## GIVEN DATA:
####

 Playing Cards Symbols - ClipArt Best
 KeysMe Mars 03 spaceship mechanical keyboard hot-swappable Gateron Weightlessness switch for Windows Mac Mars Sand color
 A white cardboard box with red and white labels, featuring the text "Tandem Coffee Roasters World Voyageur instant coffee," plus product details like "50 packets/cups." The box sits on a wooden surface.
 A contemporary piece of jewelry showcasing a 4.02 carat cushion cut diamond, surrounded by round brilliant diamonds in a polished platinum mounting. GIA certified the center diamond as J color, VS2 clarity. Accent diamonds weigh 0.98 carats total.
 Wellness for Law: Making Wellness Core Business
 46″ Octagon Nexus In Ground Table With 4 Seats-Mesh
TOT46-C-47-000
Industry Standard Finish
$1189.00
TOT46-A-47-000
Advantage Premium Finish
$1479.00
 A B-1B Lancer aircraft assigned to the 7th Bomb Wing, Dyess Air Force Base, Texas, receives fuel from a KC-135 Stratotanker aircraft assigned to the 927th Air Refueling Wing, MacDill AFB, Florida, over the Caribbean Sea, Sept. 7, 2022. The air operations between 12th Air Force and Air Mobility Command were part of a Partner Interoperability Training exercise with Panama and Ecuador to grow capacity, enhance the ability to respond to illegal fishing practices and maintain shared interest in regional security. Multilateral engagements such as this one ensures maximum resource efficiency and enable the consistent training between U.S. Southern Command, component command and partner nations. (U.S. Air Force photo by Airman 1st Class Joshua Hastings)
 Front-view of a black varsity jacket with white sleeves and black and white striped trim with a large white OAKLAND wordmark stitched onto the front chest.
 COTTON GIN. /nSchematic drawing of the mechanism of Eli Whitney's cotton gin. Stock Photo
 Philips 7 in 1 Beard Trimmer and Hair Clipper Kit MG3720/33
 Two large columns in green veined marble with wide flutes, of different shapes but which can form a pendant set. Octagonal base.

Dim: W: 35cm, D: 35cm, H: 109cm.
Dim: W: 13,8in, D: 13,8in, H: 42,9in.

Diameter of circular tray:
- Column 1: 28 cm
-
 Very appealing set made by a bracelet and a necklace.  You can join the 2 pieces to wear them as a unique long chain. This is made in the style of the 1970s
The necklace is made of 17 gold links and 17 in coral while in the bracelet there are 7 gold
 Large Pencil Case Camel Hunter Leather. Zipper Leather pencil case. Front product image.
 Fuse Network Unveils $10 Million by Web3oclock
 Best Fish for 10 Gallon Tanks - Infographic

####

## WORK REQUEST:
Considering only the material above, set down every line from the one with "Very appealing set" to the one with "The necklace is", inclusive, exactly as written.

## EXERCISE RESULT:
 Very appealing set made by a bracelet and a necklace.  You can join the 2 pieces to wear them as a unique long chain. This is made in the style of the 1970s
The necklace is made of 17 gold links and 17 in coral while in the bracelet there are 7 gold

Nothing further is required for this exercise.